Пашка ловко взбирался по могучему стволу сколько мог высоко, тряс ветки, и если шишки не поддавались, тянулся и срывал, бросая вниз Ивану. С трех деревьев они сняли по полным запазухам, набили карманы и от жадности, теряя по дороге, несли еще и охапками в руках.
— Без-здельники! — кричал на радостях Пашка. — На! Гляди! Бугаи ленивые!
И ссы́пали у костра. И пока Гаврила Нилыч варил из мелочовки, надерганной Перелюбой, уху, Иван и Пашка, пристроившись с краешку, подсушили, нажарили шишек и обнесли товарищей.
Развлечение. Лакомство.
Азиков сомневался, надо ли здесь делать замет. Перелюба сказал: «Дохлый. Надо уходить», а Евдокимыч считал, не убудет, стоит попробовать, раз пришли.
Поднялись все-таки. Без настроения. Поставили сеть и вернулись на ночевку на берег.
Утром глянули — пуста. Два-три болезненных, вялых, со взморщенной кожей омуля.
Сердитые, в молчаливом отчуждении, развернулись и отправились назад, как побитые. К себе, в Малое море.
Катер береговой охраны обошел их по выходе из залива. Когда Николай приметил, что катер идет к Хужиру, суматошно засигналил, прося помощи. Охранники остановились. Авария, объяснил Азиков, не дотянем, палец в двигателе треснул, надо, мужики. Катер взял их на буксир и с ветерком протащил до самого Хобоя.
— За мной не заржавеет, — благодарил Николай, пока отвязывались. — Век не забуду.
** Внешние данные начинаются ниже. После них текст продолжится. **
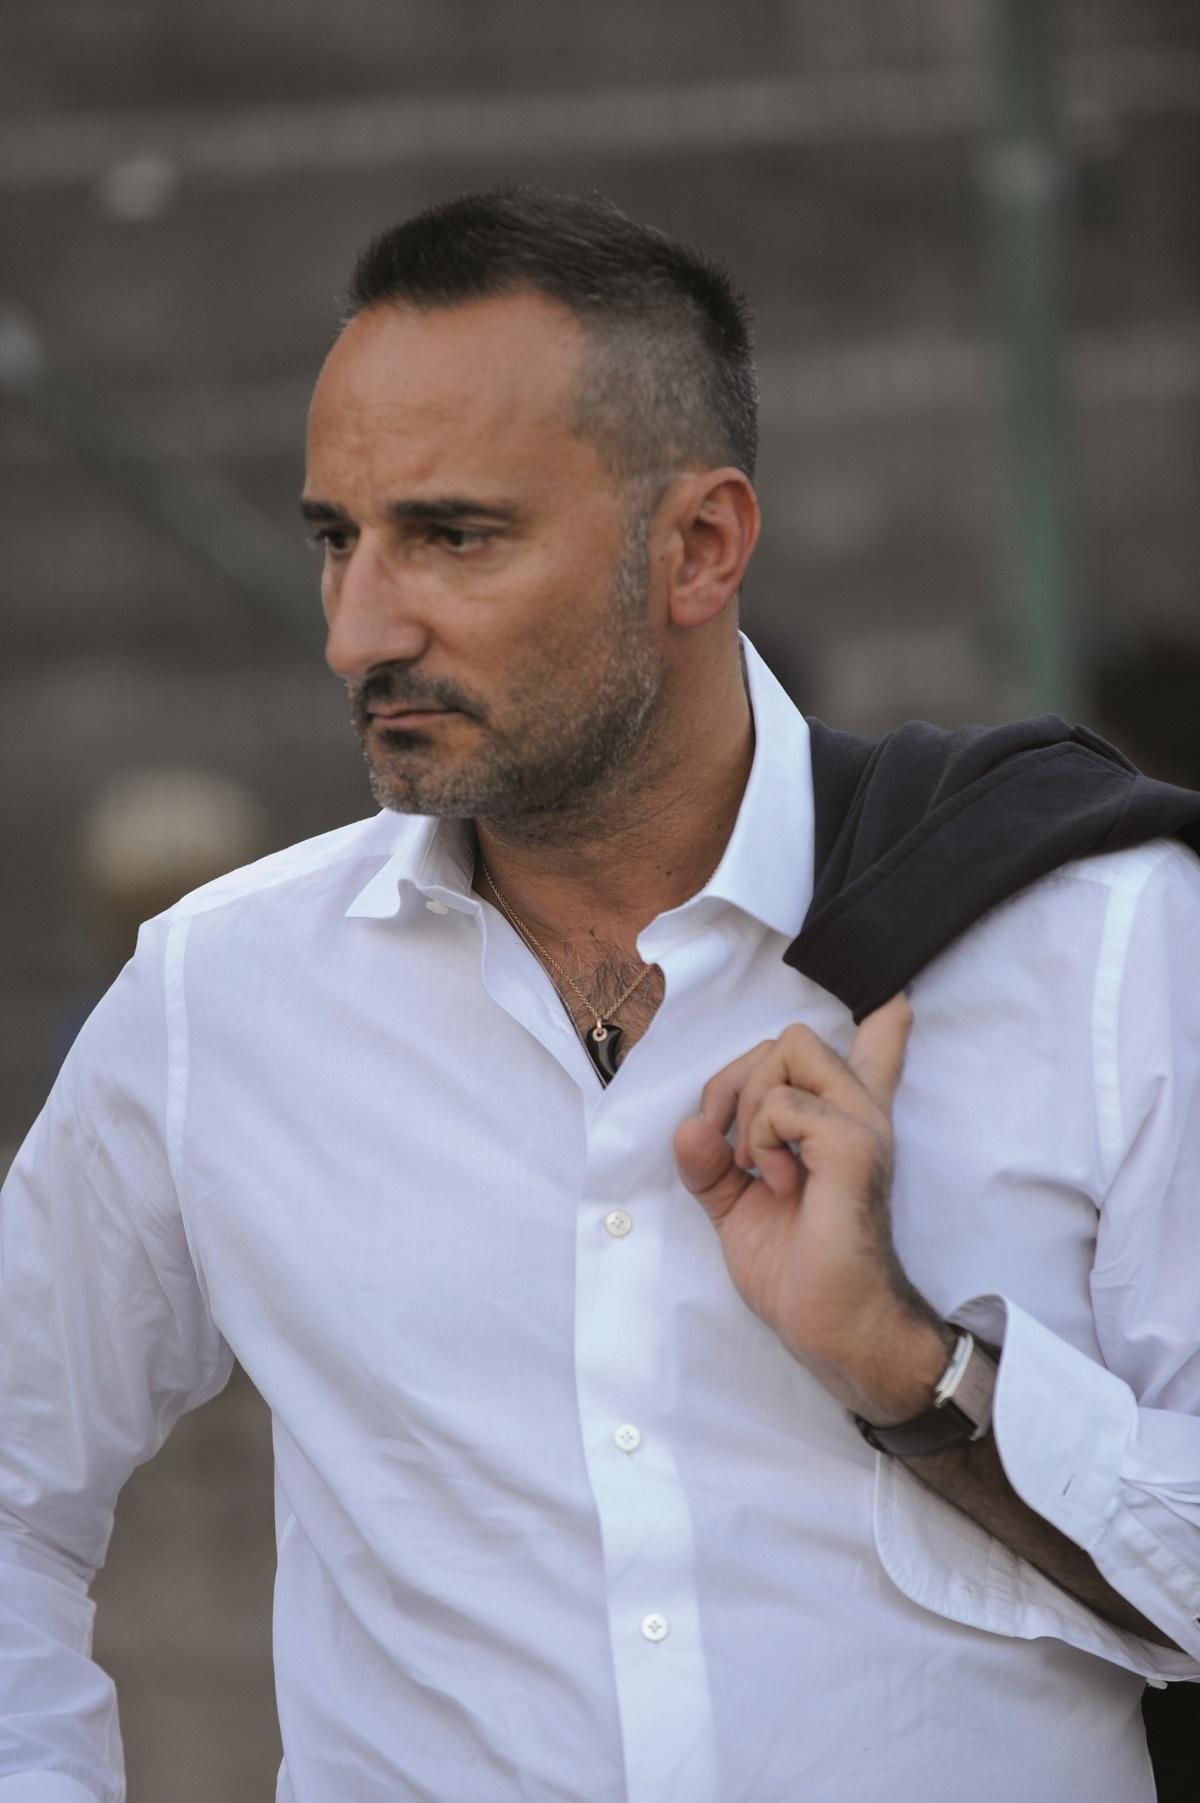 Maurizio-Setti-Ceo-Antress-Induustry-Spa

Чтоб мне бабу не завалить.
Обошли в огиб мыс и к вечеру на краю своего моря сделали замет, а ночевать ушли в уютную Улах-Хушинскую губу...
— Гаврила, стол! Чтоб как на свадьбе!
— Есть, Коля! Момент!
— Во где рыба твоя. Остобрыдила!
— Ой, Коля. Может, ушицу все ж. Знатную сделаю, добрую ушицу.
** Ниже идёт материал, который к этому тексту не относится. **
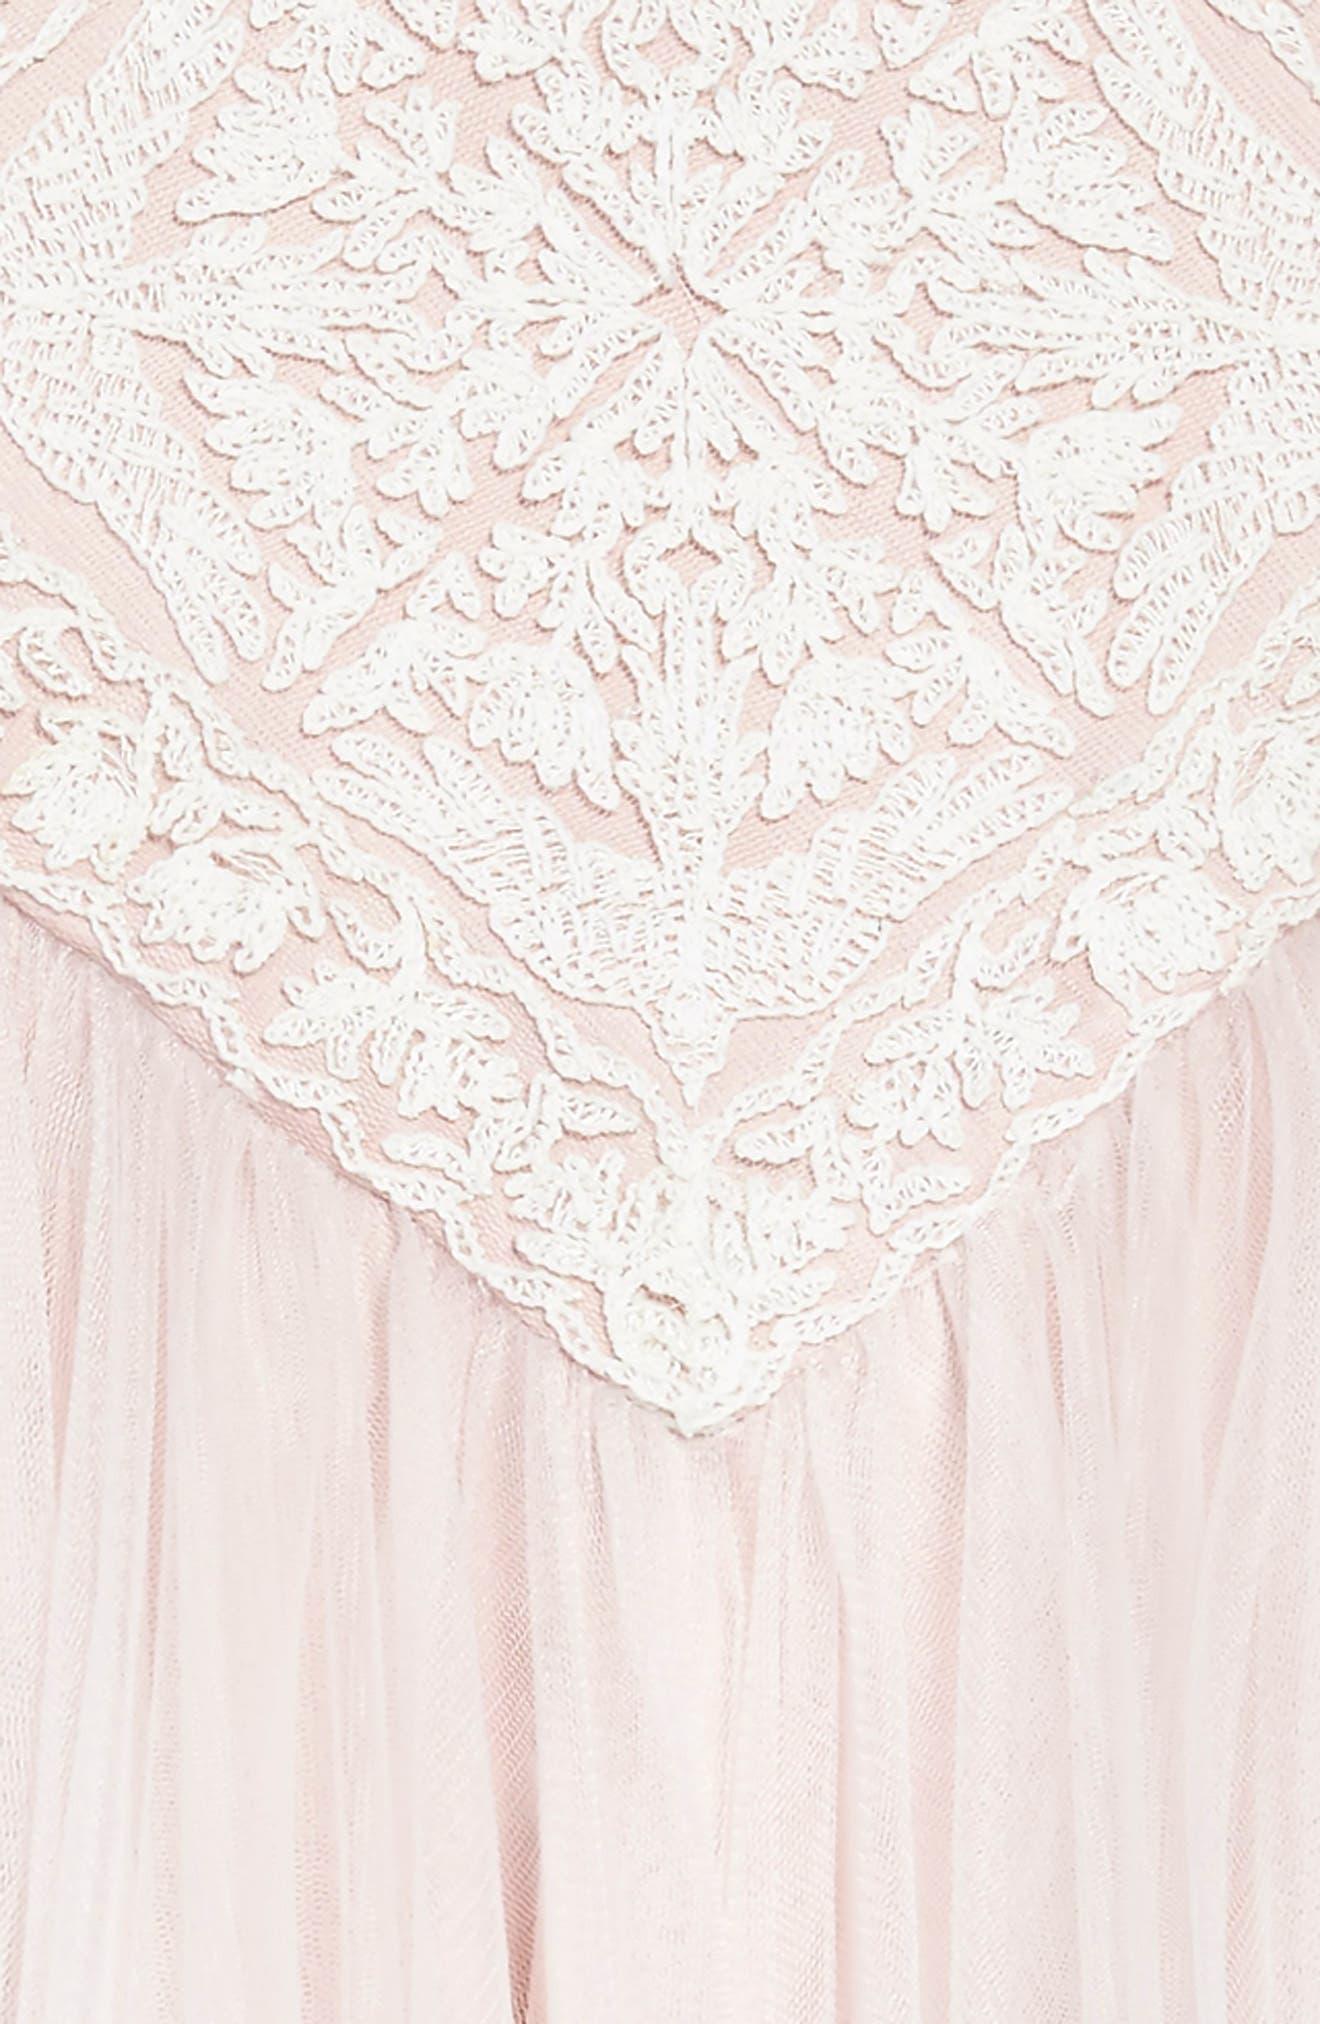 Lace Tulle Dress,                             Alternate thumbnail 3, color,                             Ivory/ Primrose

— Делай, — говорил, не глядя на него, Николай. — А я тебя за борт выкину. Делай.
Подгадав под сдачу улова, рыбакам вместе с продуктами завезли «Перцовую».
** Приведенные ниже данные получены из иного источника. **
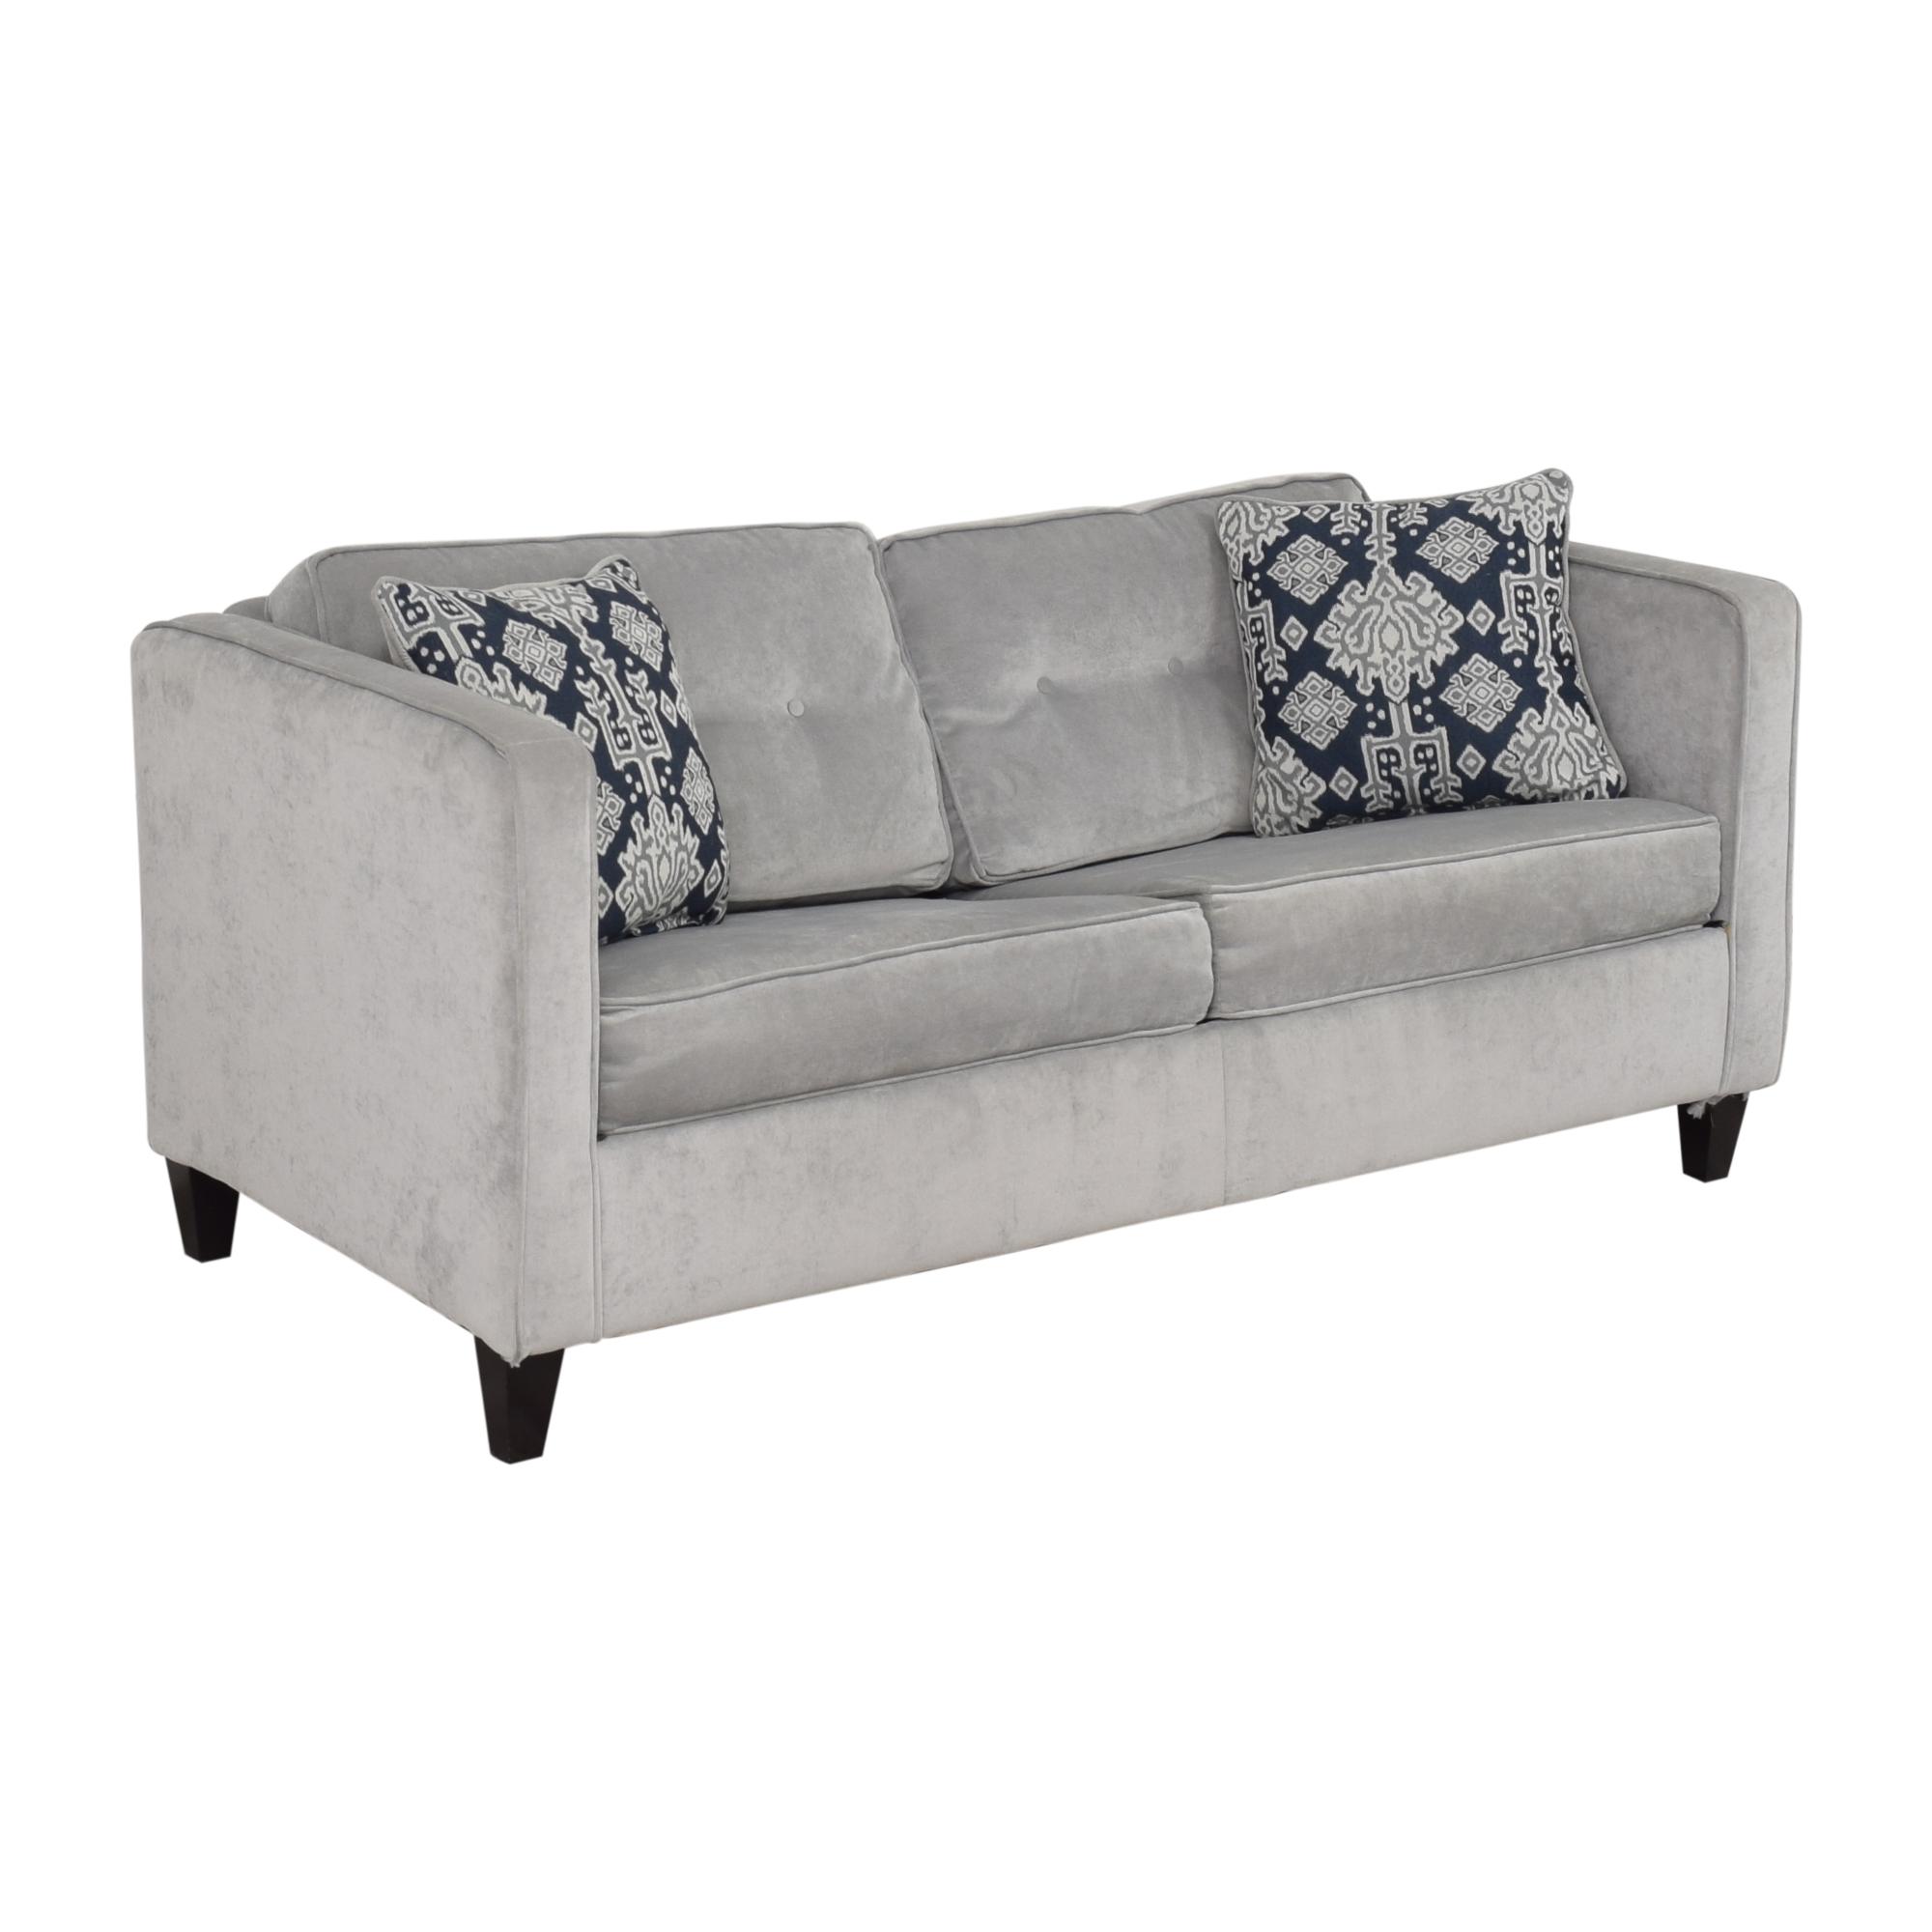 buy Wayfair Ebern Designs Dengler Square Arm Sleeper Sofa Wayfair

Хлеб и сахар сгрузили и разнесли мгновенно, а настойка не расходилась. Продавец, приехавший со спиртным, натурой брать отказался, не желал отпускать и в долг, а наличных денег рыбакам, уходящим в море, жены, естественно, не дают.
Ох и галдеж поднялся. Чуть машину на запчасти не разнесли.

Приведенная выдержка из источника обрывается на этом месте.